I leaned into the hand resting on the small of my back, thought of the rose lying upside down in my kitchen sink, and breathed a silent prayer of thanks that I hadn’t managed to screw everything up with that ridiculous phone call two nights ago.

  By the time we arrived at the gallery, I had my halo firmly in place. As far as relationship issues went, one needy sister was a fairly small cross to bear. I was going to be on my very best behavior and not make any fuss about sharing my Valentine’s Day with Serena. And who knew? It might even be fun.

  Relinquishing our coats, Colin and I made our way, arm in arm, into Serena’s gallery. It was one of those terrifyingly posh modern places where they hang a single canvas per wall and the asking price per artwork is roughly the same as a down payment on a one bedroom flat. Not that they would do anything so indiscreet as affix a price tag to anything. That was for shops, not galleries. Instead, a tastefully clad assistant (i.e., Serena) would glide helpfully over and talk up the finer points of the piece until the question of purchase was reached after a decent interval of art appreciation, the intimation being, of course, that mere money could never be the point when Art was at stake, as though selling were somehow only a byproduct of the gallery’s proper mission of Encouraging Art.

  “Isn’t your mother an artist?” I asked idly, as we strolled into the main gallery, having scooped up glasses of pink champagne from a tray by the entrance. The glasses were either genuine crystal or a very good facsimile. It was a far cry from red plastic tumblers in someone’s apartment in Cambridge.
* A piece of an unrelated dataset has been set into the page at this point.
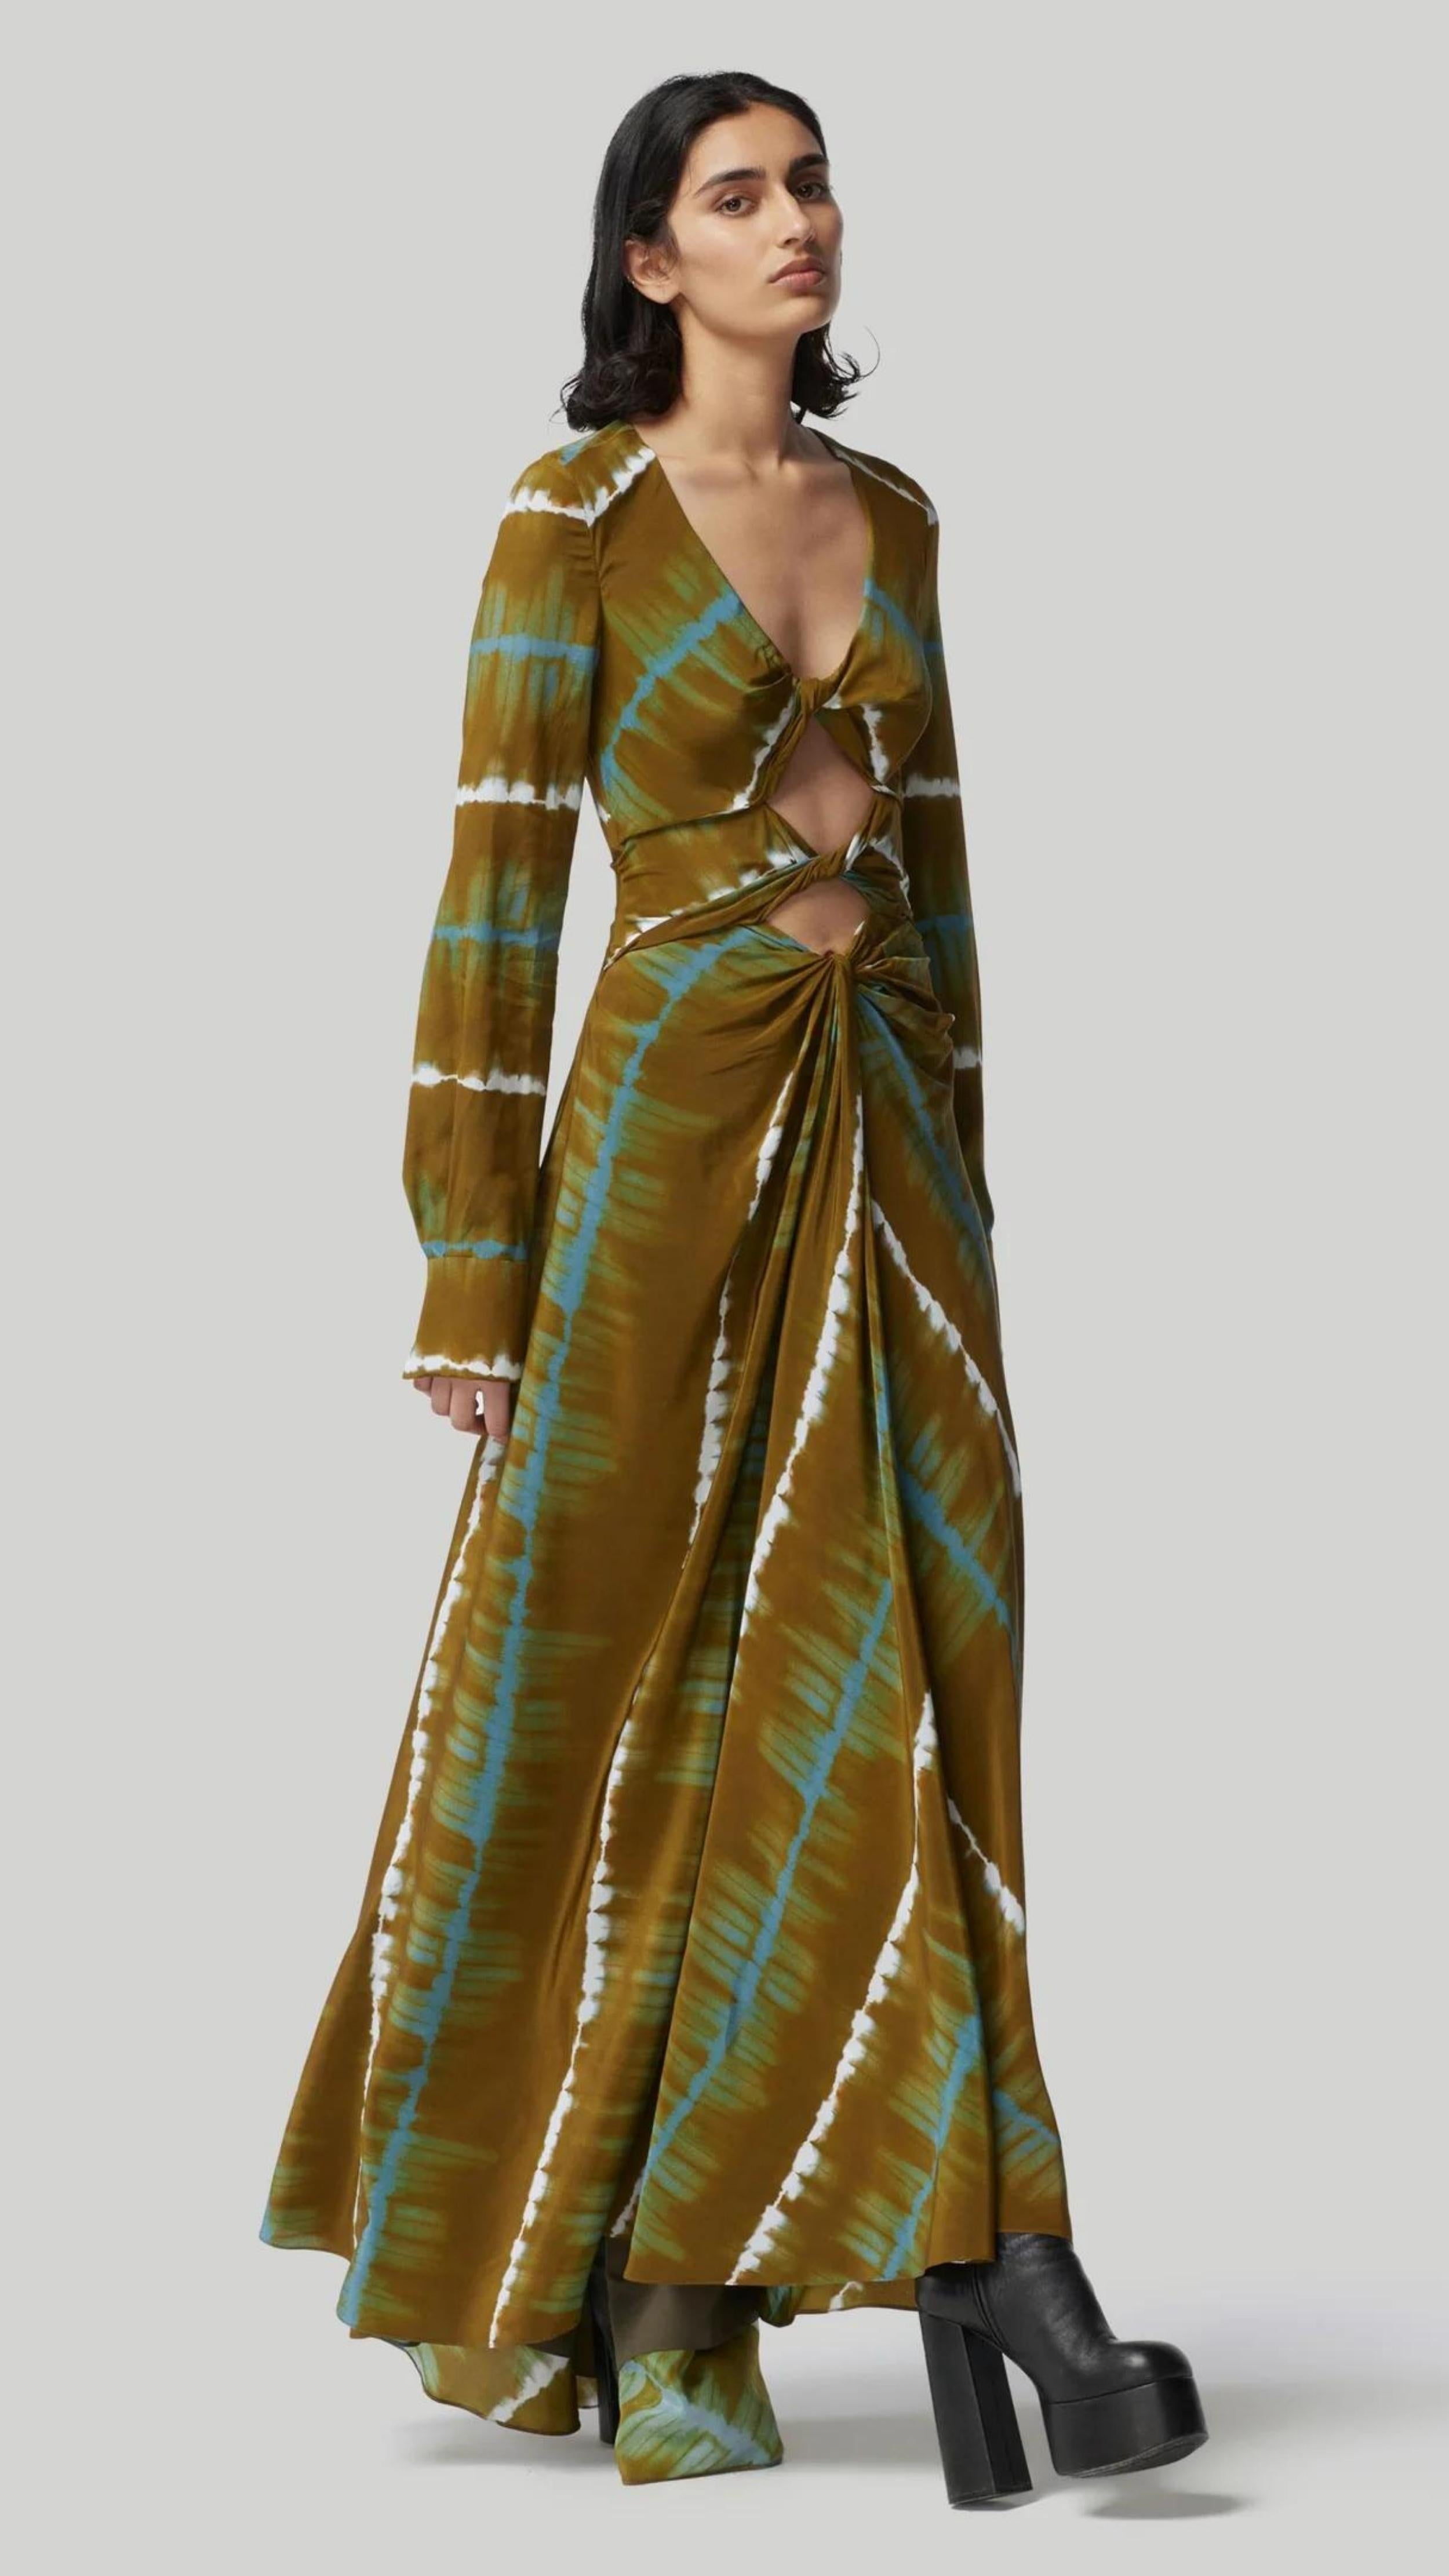 Altruzarra, Helenos Dress. 100% silk and shibori dyed in beautiful olive green and ecru pattern with a highlight pop of blue/green. It features a v neckline, long sleeves and a full skirt with front cut out and twist details. This pre-fall 2023 dress is shown on a model facing to the front and side. Available at experience 27 in madrid, spain.

  “A painter,” confirmed Colin, nodding to an acquaintance in passing. “Some of her paintings are down at Selwick Hall. You’ve seen them.”

  “The Italian scenes?”

  “Like Canaletto on speed,” Colin agreed calmly.

  I had thought they were quite good. “Did she get Serena this job?” I asked, guessing.

  “No.” Was it my imagination, or did Colin’s lip actually curl? “Her husband did. He also works in the art world.”

  Yep, that was definitely a curled lip, like curdled milk in smile form.

  No one warns you, in college, that when you date someone you run a good chance of dating his family as well. This was a new experience for me. Grant, the evil ex, had been one of those oddly rootless types one finds frequently in the Ivy league. Grant had left the Midwest for Princeton at eighteen and never looked back. I knew he had a largeish family back in Michigan, with multiple brothers and sisters and even a few nieces and nephews floating around, but in the whole two years we had dated, I hadn’t met a single one of them. He had spoken to his mother on the phone for half an hour once every month, regular as clockwork and about as intimate.

  Colin, on the other hand, came not only with a full complement of interesting ancestors, but plenty of living ones, all of whom kept intruding on the scene in one way or another. I couldn’t decide whether to be entertained, or very, very afraid. My mother would probably opt for the latter. She has very strong feelings about certain of my father’s relatives.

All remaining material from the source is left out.